Blog: Official Ireland remains in denial about its child abuse legacy
Dr Conor O’Mahony, deputy director of the Child Law Clinic at UCC, writes on Ireland’s continuing failure to protect vulnerable children.
2017 was another bad year in Ireland’s long history of failing to protect vulnerable children. The “Grace” case involved a young woman with intellectual disabilities who was left in the care of a foster family for 20 years despite physical abuse, gross neglect and possible sexual abuse. This led to the publication of two separate reports, the establishment of a Commission of investigation and a settlement of €6.3 million in compensation. The revelations of babies buried in a mass grave in Tuam has been subsumed into a separate Commission of Investigation examining Mother and Baby Homes.
It is only right that significant, if belated, efforts are being made at bringing about justice in these cases. But other worthy victims of Ireland’s systemic failure to protect children are being denied any form of justice.
For decades, the State failed to implement child protection frameworks in national schools. The European Court of Human Rights has already ruled that this was partly to blame for abuse in those schools, but the State continues to fight survivors of abuse tooth and nail.
That ruling occurred in the Louise O’Keeffe case in 2014. Louise was a pupil in Dunderrow National School and was one of 21 girls abused by the school principal, Leo Hickey, on almost 400 occasions in the early 1970s. When a parent complained, Hickey resigned his post and took up another in Ballincollig, where he taught for another twenty years. In February 2017, Hickey was convicted of fresh sex abuse charges in Ballincollig between November 1991 and June 1992.
All of this occurred without so much as an eyebrow being raised in the Department of Education. A guidance note issued by the department instructed schools to direct complaints to school managers – i.e. parish priests – with no department involvement (see para 168 of the judgment). The department had a laissez faire approach to National Schools, with a hands-off inspection regime and a “see no evil, hear no evil” attitude to child abuse.

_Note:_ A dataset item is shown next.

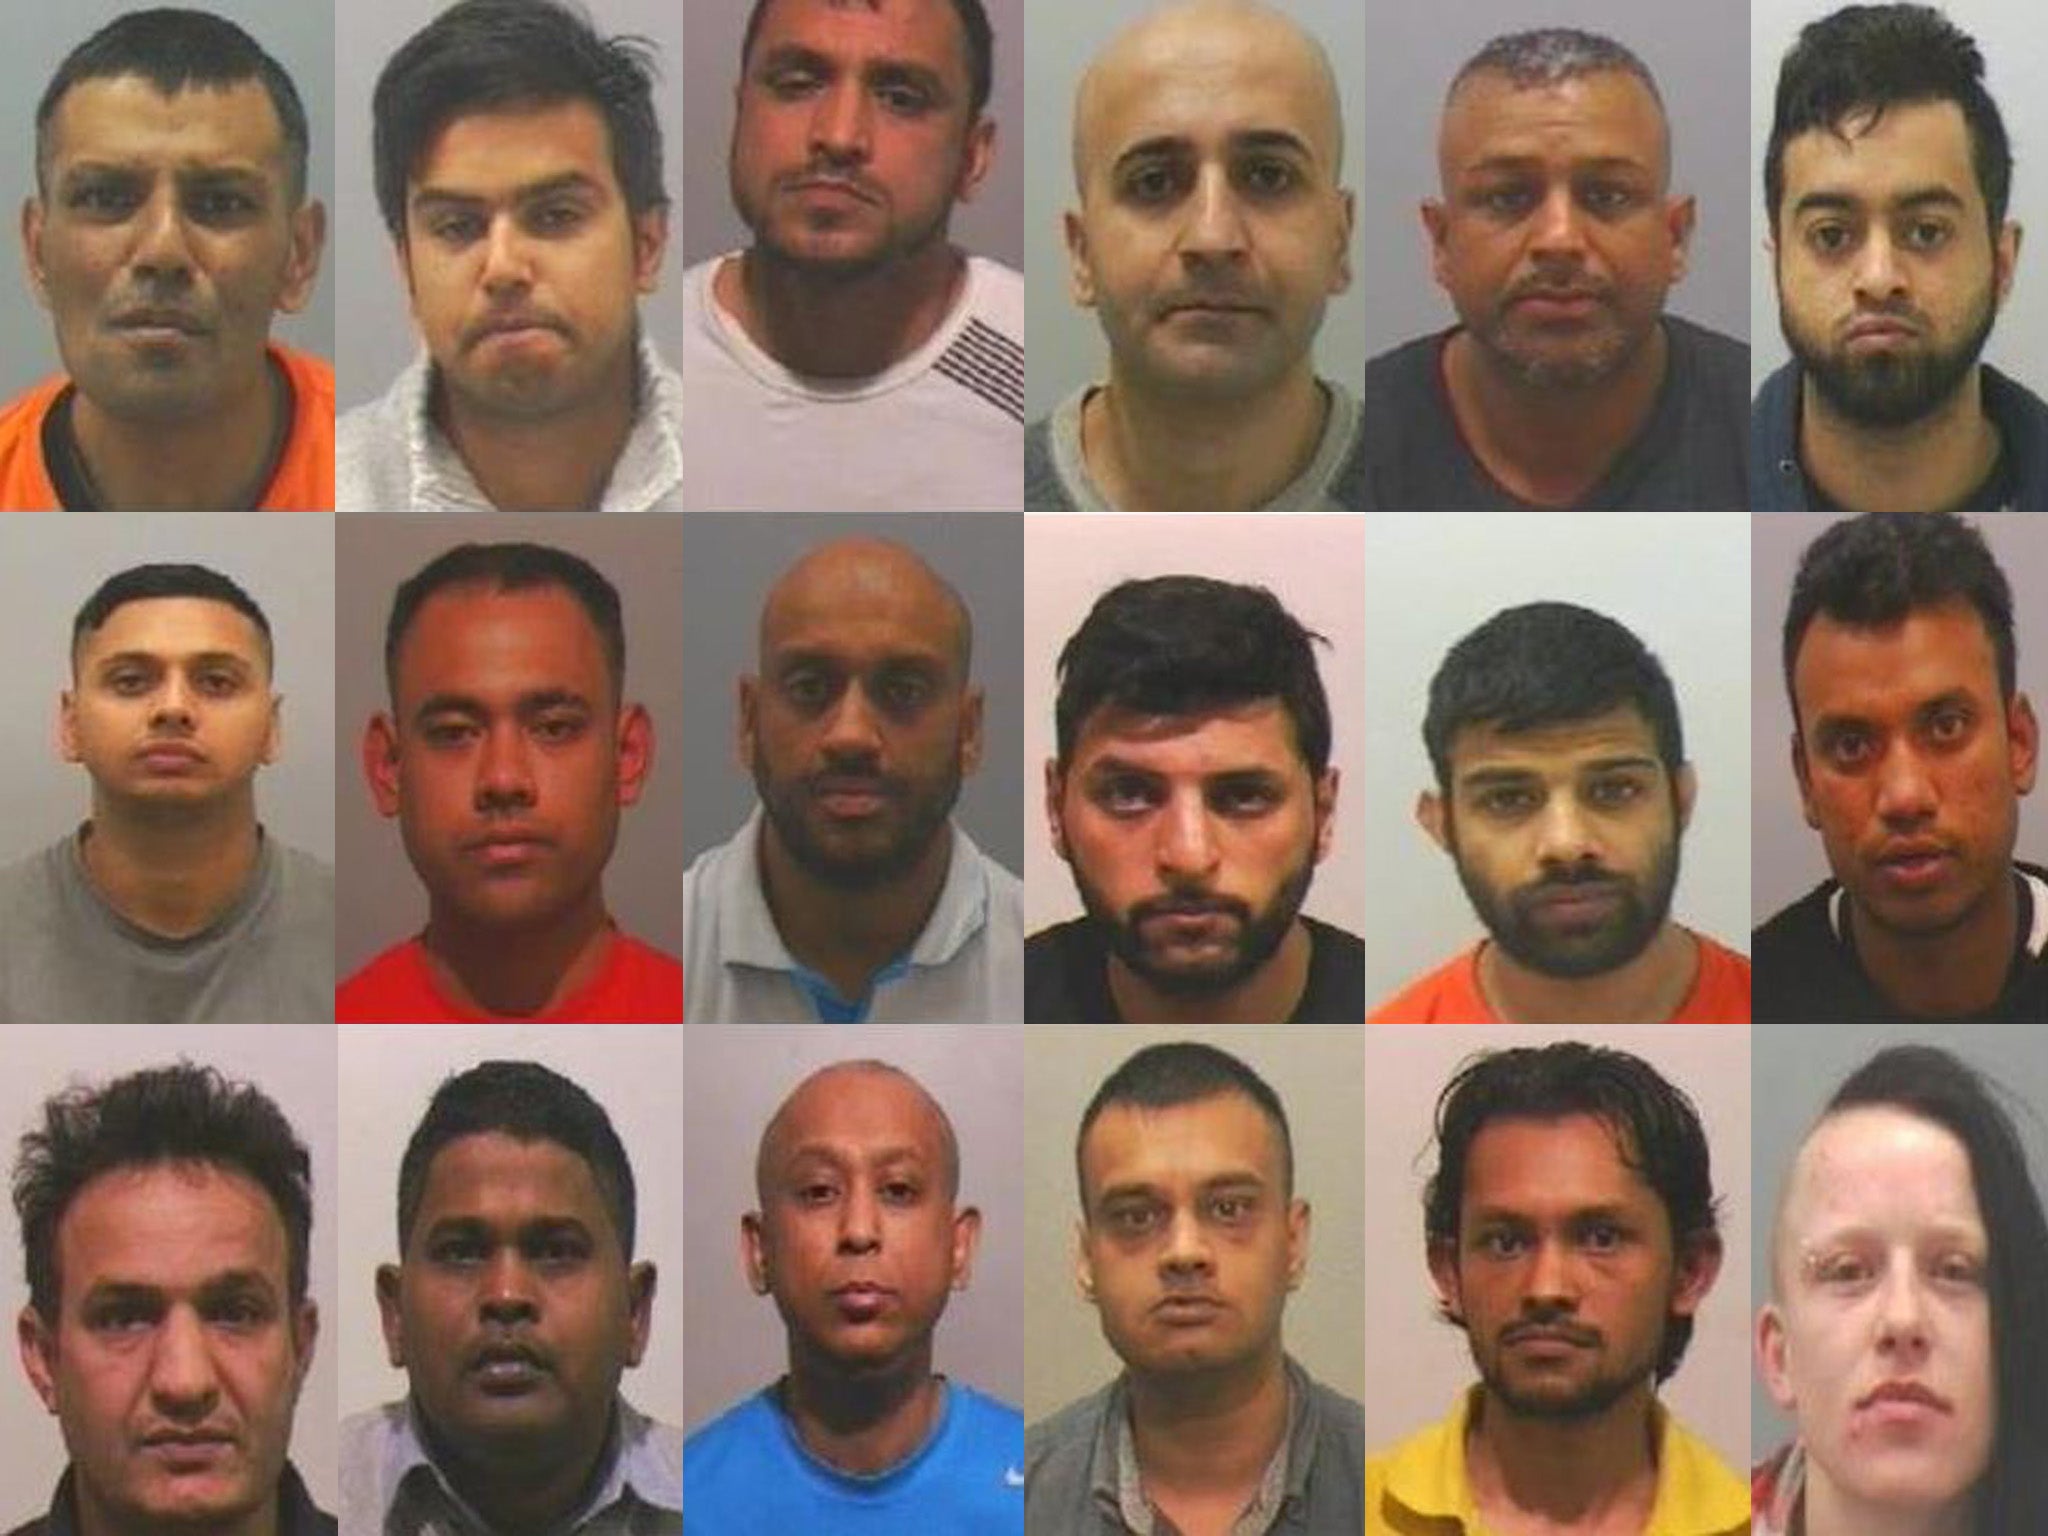 The conviction of 17 men and one woman in Newcastle in August restarted the national debate on grooming
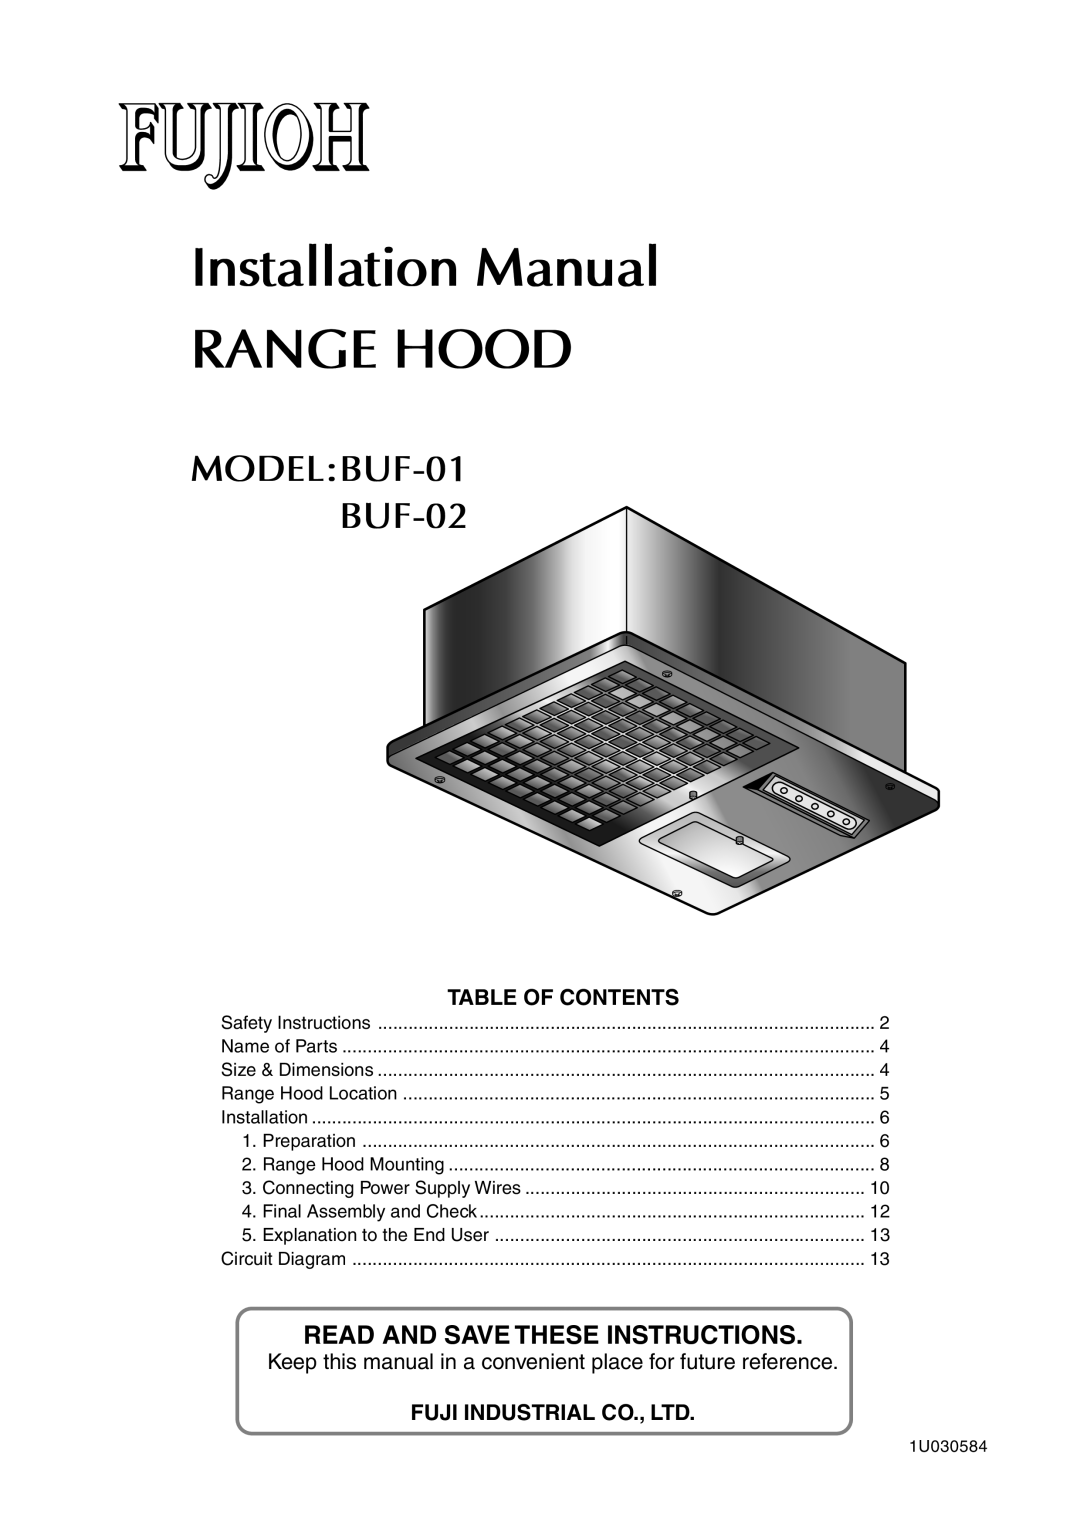 Fujioh BUF-01 installation manual Read And Save These Instructions, Table Of Contents, Installation Manual RANGE HOOD

The risk of such abuse was clear to see. As early as 1931, the Carrigan Report had identified “an alarming amount of sexual crime increasing yearly, a feature of which was the large number of cases of criminal interference with girls and children from 16 years downwards”. On advice from the Department of Justice, the Carrigan Report was never published. The European Court of Human Rights ruled in 2014 that State was or ought to have been aware of the risk of abuse and should have taken reasonable measures to prevent it.
The O’Keeffe judgment ought to have been a watershed moment in which the State’s role in facilitating heinous sex crimes against pupils in national schools was fully acknowledged and accepted. Instead, the State immediately went into damage limitation mode. Taoiseach Enda Kenny’s apology to Louise O’Keeffe pointedly referred to children “in the location where she was”, failing to acknowledge that the judgment concerned a systemic failure to supervise child protection in national schools rather than a specific failure to respond to a complaint in Dunderrow.
This pattern continued when a redress scheme was established for victims of sexual abuse in national schools as part of the State’s implementation of the judgment. The scheme limited redress to those victims who could establish that their abuse had occurred in the aftermath of a prior complaint which had not been acted upon.
First, this distorts the true basis of liability in the O’Keeffe judgment. As the Court observed (at para 168 of its judgment), the State’s obligations were “not fulfilled when the Irish State … continued to entrust the management of the primary education of the vast majority of young Irish children to non-State actors (national schools), without putting in place any mechanism of effective State control against the risks of such abuse occurring”. The emphasis was on risk and the need for preventive measures, not on investigation of actual abuse. To say otherwise is equivalent to saying that a search party is an adequate substitute for a stable door.
The Irish Human Rights and Equality Commission and the Child Law Clinic at UCC have both made submissions to the Council of Europe on this point, and it has been further criticised by the Ombudsman for Children.
Second, the requirement of proving that a prior complaint had been made ignores reality. Although Leo Hickey abused over 20 children, only one of them complained at the time. When his latest victim was asked by defence counsel if he had spent 25 years making up his allegation of abuse, he replied that he had spent 25 years blocking it out.
The fact is that children didn’t complain of abuse. On the rare occasions when they did, how can they prove it decades later? And why is the original complainant, along with any children abused prior to the complaint, any less worthy of redress?
As seen in the State’s latest action plan, only seven compensation payments have been made to date, even though there are 360 known victims.
That Hickey has been convicted of abusing in a separate school highlights – yet again – the effect of the State’s wilful ignorance of matters of child protection in National Schools. The State remains in denial about this, providing token redress while fighting other victims in the courts and threatening to pursue them for costs.
It is long past time for the State to acknowledge its failures in a meaningful way by providing redress to the victims in an inclusive manner. If this does not happen, then it is entirely possible that another Louise O’Keeffe will come along and the State will once more be shamed before the European Court of Human Rights.